Podemos observar, pela sequência do diálogo, que a palavra conflito está sendo tomada em outro sentido. Professora e aluno não compartilham um mesmo significado - o aluno toma conflito como briga, discussão, desentendimento. Como ele mesmo diz: O conflito é a mulher!. A professora ri e não se propõe a trabalhar com a dubiedade revelada. A professora não interfere mais. Vemos, também, o funcionamento da reversibilidade da lógica dos contos tradicionais, na resposta do aluno 3 - se o beijo desencanta, também deve encantar novamente.

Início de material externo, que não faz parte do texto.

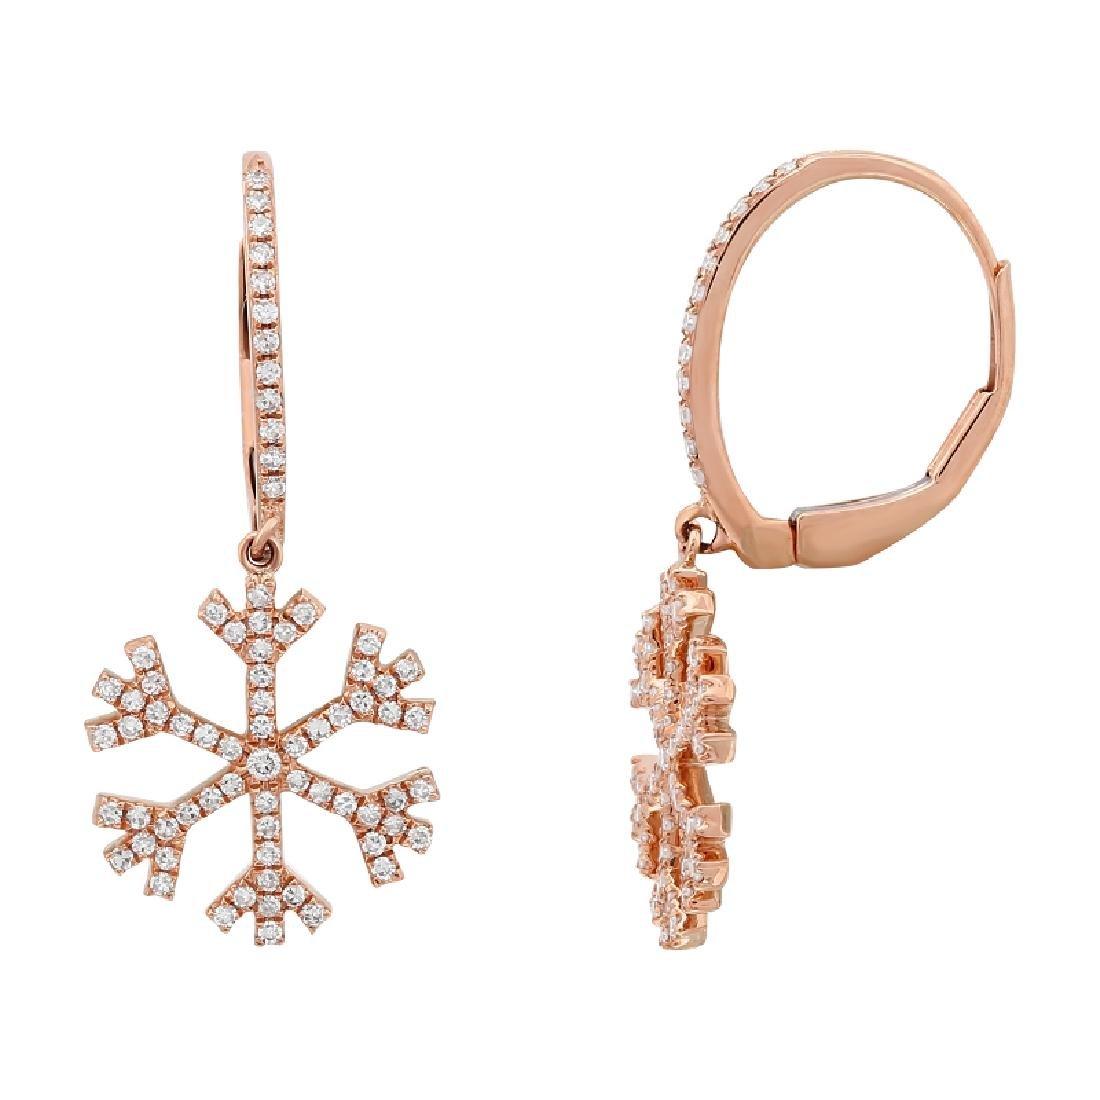 14KT Rose Gold 0.40ctw Diamond Earrings L7775

Sua experiência como leitor/ouvinte de contos tradicionais permite-lhe antecipar uma inversão e, com isso, a possível resolução do conflito. O fato de o aluno poder expressar sua vivência anterior, o fato de se apoiar nesta experiência para poder compreender a história, para antecipar, para poder inverter certa lógica, o leva, pensamos, implicitamente, a uma relativa consciência de seu próprio universo discursivo, de como conta com ele para ser responsivo ao texto lido. E encontra eco na apreciação positiva da professora, que simetriza com ele: Muito bem. Você saberia o que fazê nesta situação! Além disso, o episódio descrito revela, também, como o próprio escritor da história contava com essa experiência, com esse conhecimento do leitor para entender e apreciar seu conto O príncipe desencantado se, por um lado, um beijo pode desencantar uma princesa, por outro pode deixar um príncipe desencantado, desiludido com ela; se um beijo pode desencantar, também pode encantar novamente e livrar um príncipe de um problema.